No but it sure as hell incentivised his bodyguards and anybody charged with keeping him safe.
#51
Posted 2013-April-22, 02:59
#52
Posted 2013-April-22, 03:38
(That doesn't mean you can't make the case asking everyone to remain at home was an overreaction. Wouldn't it have been enough to shut down Watertown? I don't know.)
#53
Posted 2013-April-22, 06:38
barmar, on 2013-April-21, 13:07, said:
As it turns out, they were not making any effort to escape until they were identified. This baffled me: they had almost three days, they could have been anywhere in the world, but there they sat still in Boston.
-gwnn
#54
Posted 2013-April-22, 06:48
#55
Posted 2013-April-22, 07:30
billw55, on 2013-April-22, 06:38, said:
As Boston reeled, younger bombing suspect partied
Quote
"He was just relaxed," she said, asking the paper not to print her name.
Don't know what the older brother was doing...
The infliction of cruelty with a good conscience is a delight to moralists — that is why they invented hell. — Bertrand Russell
#56
Posted 2013-April-22, 07:39
billw55, on 2013-April-22, 06:38, said:
I think others have observed that if they had any brains they wouldn't be doing what they were doing in the first place. These guys obviously left reality behind a long time ago.
I am no expert on psychology but I am fairly serious about the above. I imagine most of us have known cases where someone gets so wrapped up in something that he just don't think straight about what happens next. Or he doesn't care. Or something like that.

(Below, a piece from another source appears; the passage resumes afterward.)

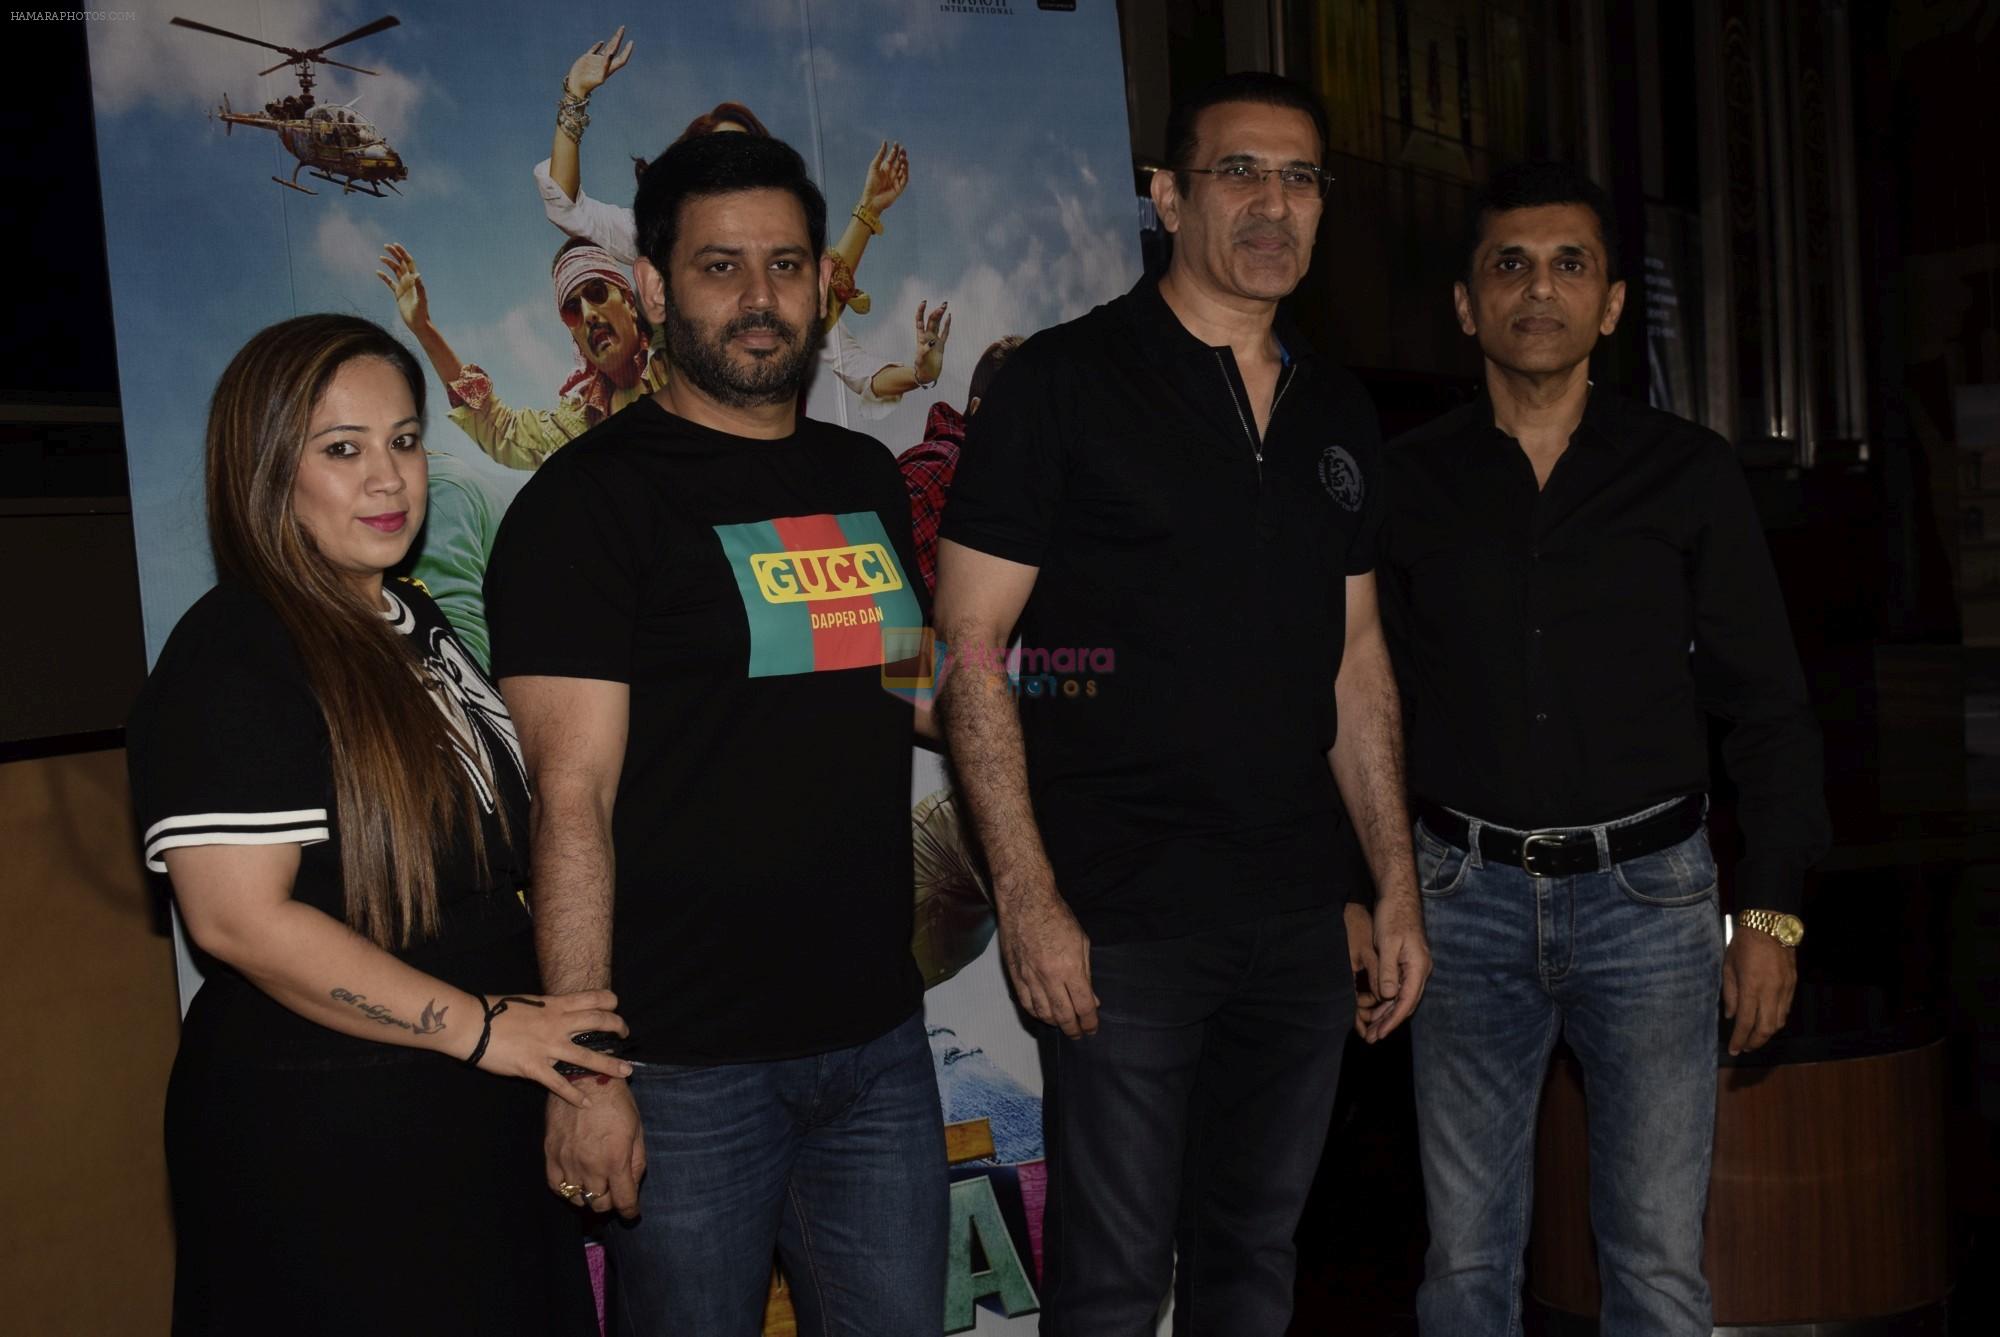 Parmeet Sethi at the Screening Of Total Dhamaal At Pvr on 23rd Feb 2019

I hope that it is clear I in no way advocate any sort of sympathy for them. I don't. But their actions, from the beginning, were not only cruel and immoral they also were brain dead stupid.
#57
Posted 2013-April-22, 07:52
I also consider the possibility that they were involved in an organization, and that their handlers told them to stay put if they were able the leave the scene unhindered.
It seems likely that the surviving bomber is being questioned on this possibility. "Questioned" being a wide ranging term in this context.
-gwnn
#58
Posted 2013-April-22, 10:38
#59
Posted 2013-April-22, 11:38
barmar, on 2013-April-22, 10:38, said:
I had assumed they panicked when their pictures were published, but I guess that is not certain.
-gwnn
#60
Posted 2013-April-22, 13:43
Going back to Springsteen's Nebraska:
You want to know why, I did what I did
Sir I guess there's just a meaness in this world.
Hardly satisfying but there may not be anything better. Their uncle describes them as a couple of losers. Also hardly a description that is up to the task, but what else?